In addition to Weibo, there is also WeChat
Please pay attention
WeChat public account
Shulou
2025-03-26 Update From: SLTechnology News&Howtos shulou NAV: SLTechnology News&Howtos > Development >
Share
Shulou(Shulou.com)06/03 Report--
This article mainly explains "some common problems and solutions when using Spark". The content of the explanation is simple and clear, and it is easy to learn and understand.
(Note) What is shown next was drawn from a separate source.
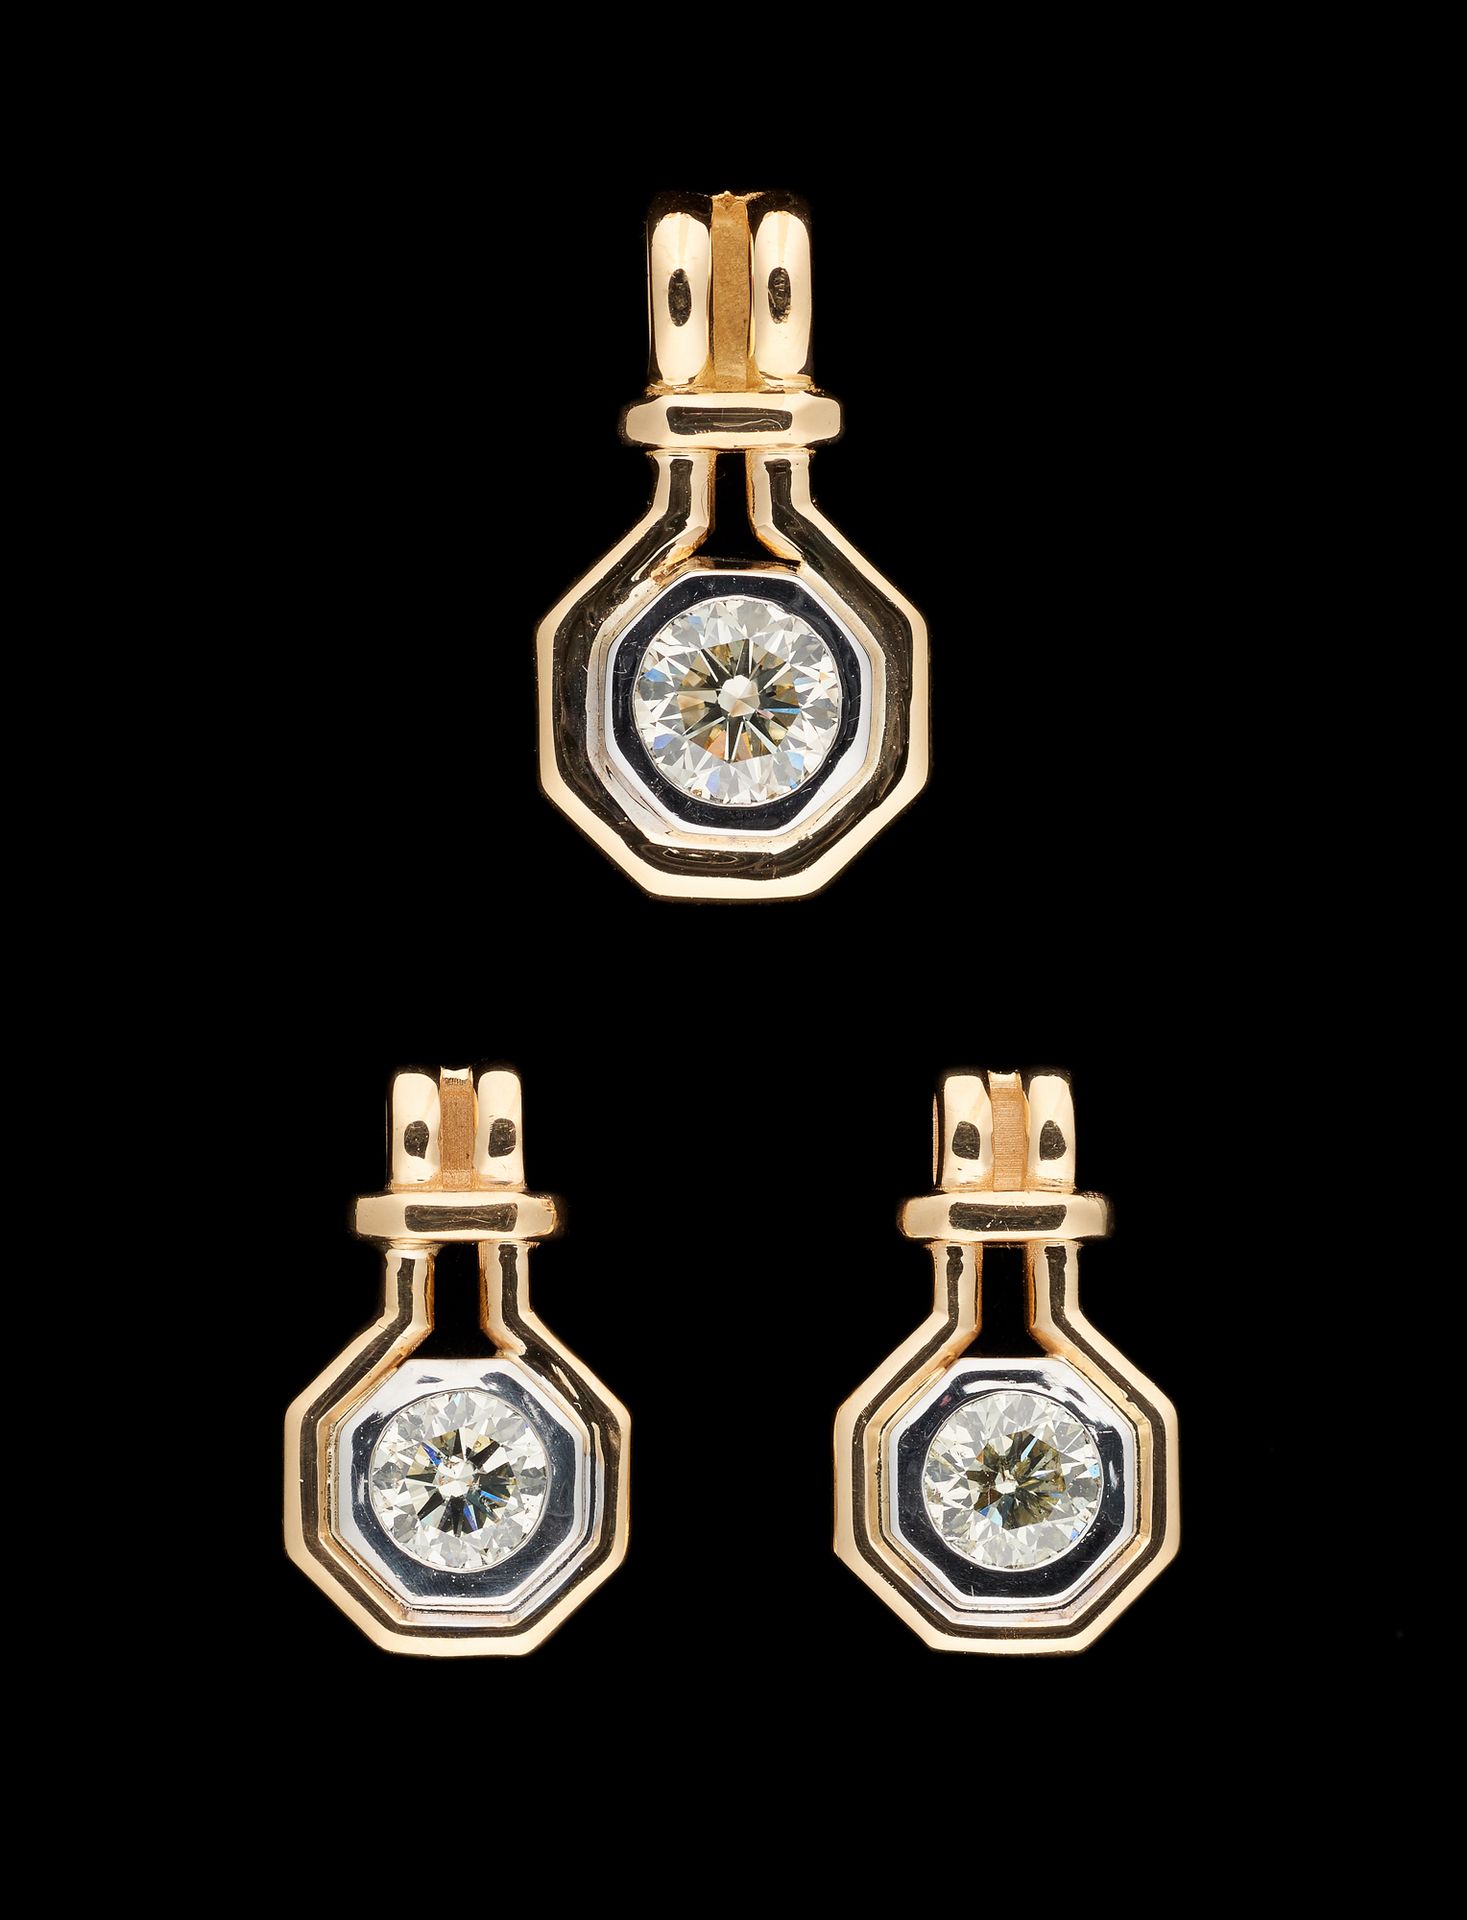 Joaillerie. Jewelry: Lot consisting of a pair of earrings and a pendant in yello&hellip;

Please follow the editor's train of thought to study and learn "some common problems and solutions when using Spark".
1. First of all, let's talk about one of the most commonly used commands for error checking after the spark task is run, which is to down the task run log.
There is an error in the program, down the log down to see the specific reason! down log command: yarn logs-applicationId app_id
2. 9 problems of Spark performance optimization and their solutions.
Several key points to be paid attention to in Spark program optimization-- the most important ones are data serialization and memory optimization
The number of problem 1:reduce task is not appropriate
Solution: the default configuration needs to be adjusted according to the actual situation, and the adjustment method is to modify the parameter spark.default.parallelism. Typically, the number of reduce is set to 2 to 3 times the number of core. The number is too large, resulting in a lot of small tasks, increasing the cost of starting tasks; the number is too small, the task runs slowly.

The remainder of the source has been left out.